New System... bouncing Idle

I just put a 2000 Watt JL Audio system in my G2, Runs about 800 Rms, when my headlights and wipers are on there is a fluctuation on the low Idle, if i buy a capacitor will this cure my problem?

Qutoe from the guy at Winchester Auto

“Why put a band-aid like a capicitor on it, just buy an alternator that can handle it and you wont have to worry about it”


“Ok, so can I have the capacitor”

dunno who is right though…probably never will

Replacing the alt. with a bigger one is the best and only way to increase available current, however a cap can help deliver short bursts of current when needed by the sub amp.

Before you go and spend money on an alt. or cap make sure all the other needed things are done, grounding being at the top of the list.

Start by telling us the makes and models of the amps.
What gauge of power and ground cable are you using?
What type of fuse is in the power lead?
How and where is the power lead run in the car?
Where and how are the amps grounded?
Did you “beef up” the batt. to chassis and chassis to engine grounds?:stare:94

whoa, this is the best response i’ve ever got back… ok to business, it a phoenix gold 2000 Watt peak, but like i said im running about 800 Rms at 2 Ohms, i have 5 gauge power wire and 8 gauge grounding wire, theres a in dash-dvd, single din and pioneer speakers on the inside, ran the power wire through my c.c hole in the fire-wall since it was removed, i grounded to one of my rear taillight bolts/studs, i have a BRAND NEW durashit gold battery, like 1000 amps 720 cold cranking, i have a reman alternator from napa thats less than a year old, i havent tested lately but in the winter, with all my accessories i wuz holding 12 volts with everything turned on.

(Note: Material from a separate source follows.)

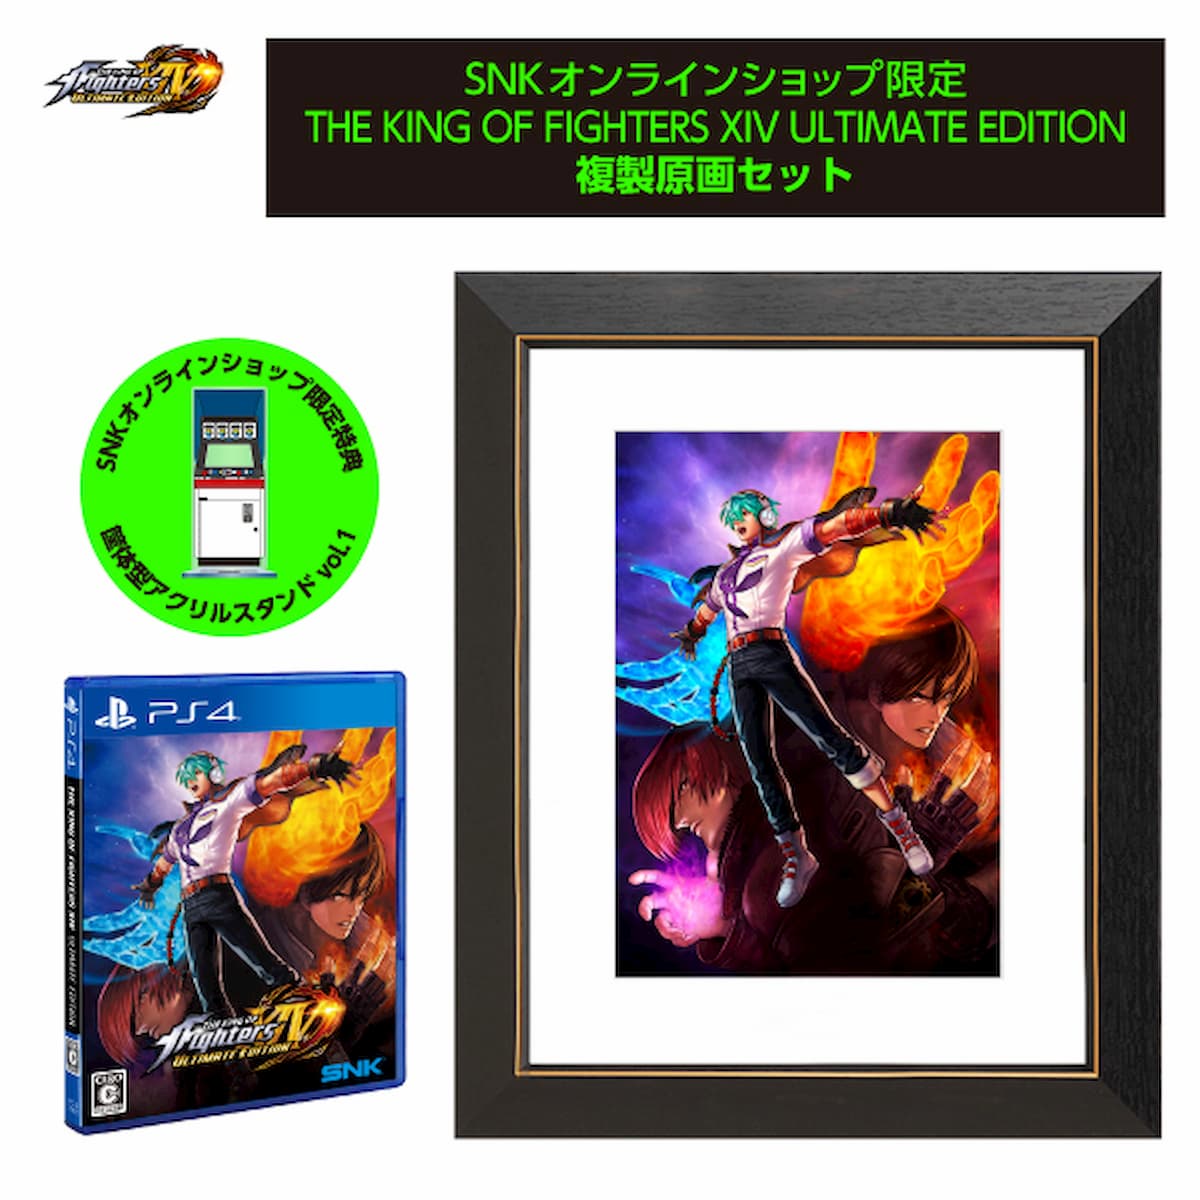 THE KING OF FIGHTERS XIV ULTIMATE EDITION 複製原画セット - PS4
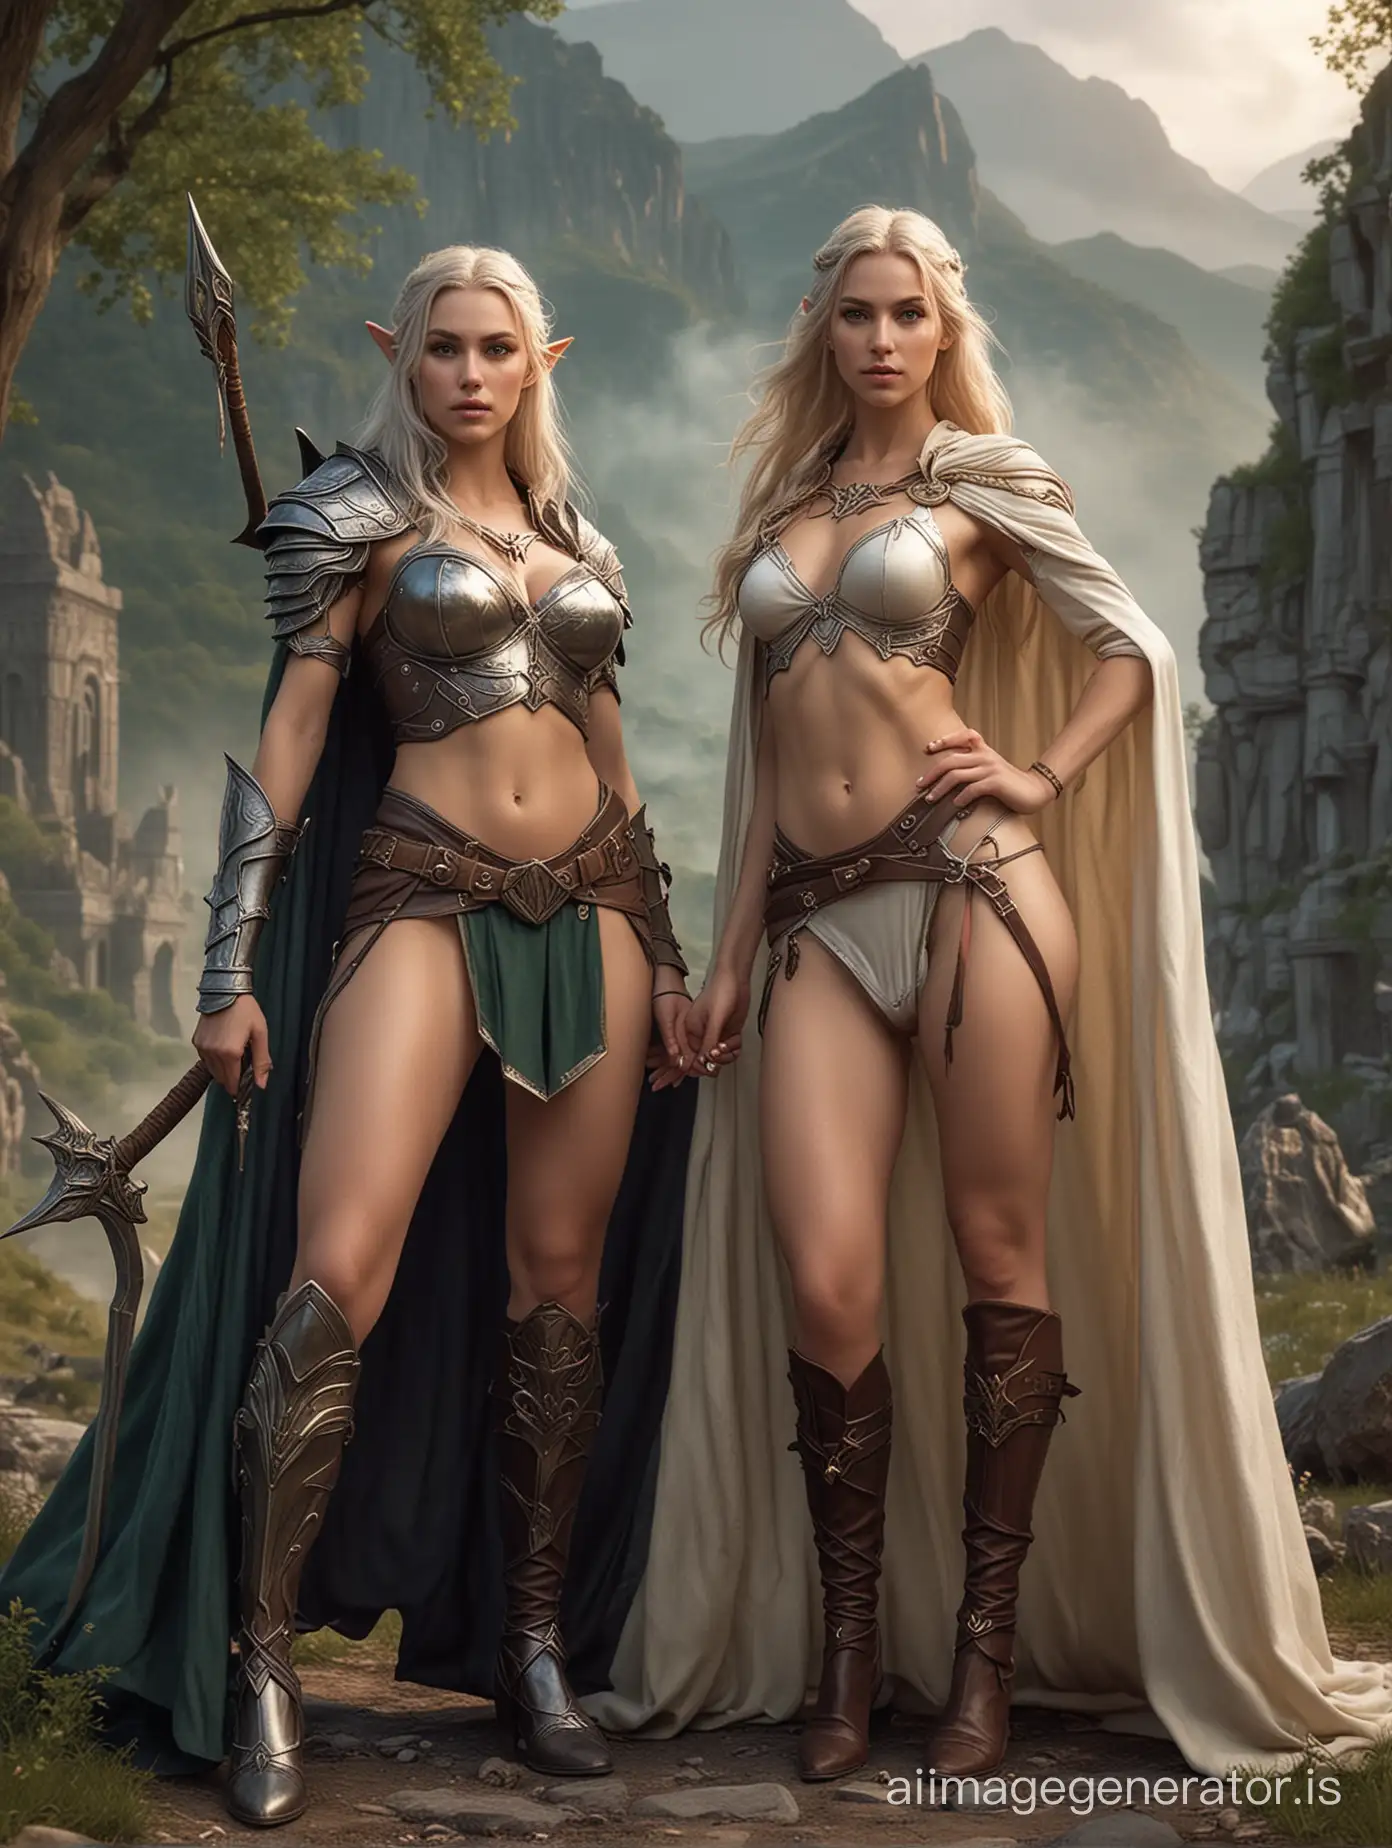 the female elven warrior and her female mage friend. Scantily dressed, fantasy setting. Almost nude. the battlefield behind them. no weapons. wizard wears a cape.

OK, first I need the make and model of the amp(s).

Using a smaller gauge ground cable then the power cable is not right, and grounding to a tail light stud is also not right.

5ga power cable???
What brand, and are you sure it’s 5ga?

“ran the power wire through my c.c hole in the fire-wall since it was removed”

“CC hole”???
What and where?:hmm: 94

its a monster set from walmart, by cc i mean cruise control grommet in the fire wall, where would u recommend i ground it? my whole back interior is removed so it shouldnt be hard finding a spot, yes its 5 ga. double checked, ill look for the model no# rite now. but i plan on going with a jl amp to compliment the jl subs, dont want to blow tensil leads again, what else is there, ive installed sounds before just never in a Spocom, figured it would drain alot of juice from the smaller car, no problems yet

Use a seat or seat belt bolt for the ground.

Amp ground leads should be as short as possible, should be the same gauge, or thicker, as the power lead, and should be in contact with the floor pan of the car.
Any bolt or stud in the floor pan of the car will work, make sure you clean any dirt/paint down to bare metal so ring terminal is making direct contact with the floor pan.

You should also at least “beef up” the batt. to chassis ground, run the same gauge ground lead as amps, from the batt. neg.(-) to the cars chassis, shock tower studs work well.

Your power lead should take the shortest possible course from the batt, into the pass. compartment and the amp, keep it as short as possible.

Burnt tinsel leads is an indication of a clipping amp, either the speakers are underpowered and the amp is driven into constant clipping or the amp is not getting proper current, poor grounds or power will cause an amp to clip long before it produces it’s rated RMS wattage.

What model of JL Audio sub(s) do you have?
Also what kind of fuse is in the power line?:tapfing:94

the newest series W3’s (2) and there is a 100 watt fuse if im correct, yea your right about the tinsel leads i blew some W0’s before using a weak amp, if anything else pops up ill be sure to post, but for right now im gonna look into a getting a new alternator re-grounding the ground and probably shortening the power cable, but it has only about a foot extra of length.

yea when your right your right, i blew my alternator yesterday, so i exchanged and got a brand new unit,… it says it cranks out 91 Amps at 6,000 rpm and like 41 amps at 2,000 rpm, we all know how hard it is swapping out alternators on our cars,… is this good enough or should i buy one of those aftermarket alts, at summitracing?

If you have to go through the hassle of replacing it anyway, I would look for something bigger… :hmm:94

u da best, gonna call em’ monday, thanks man.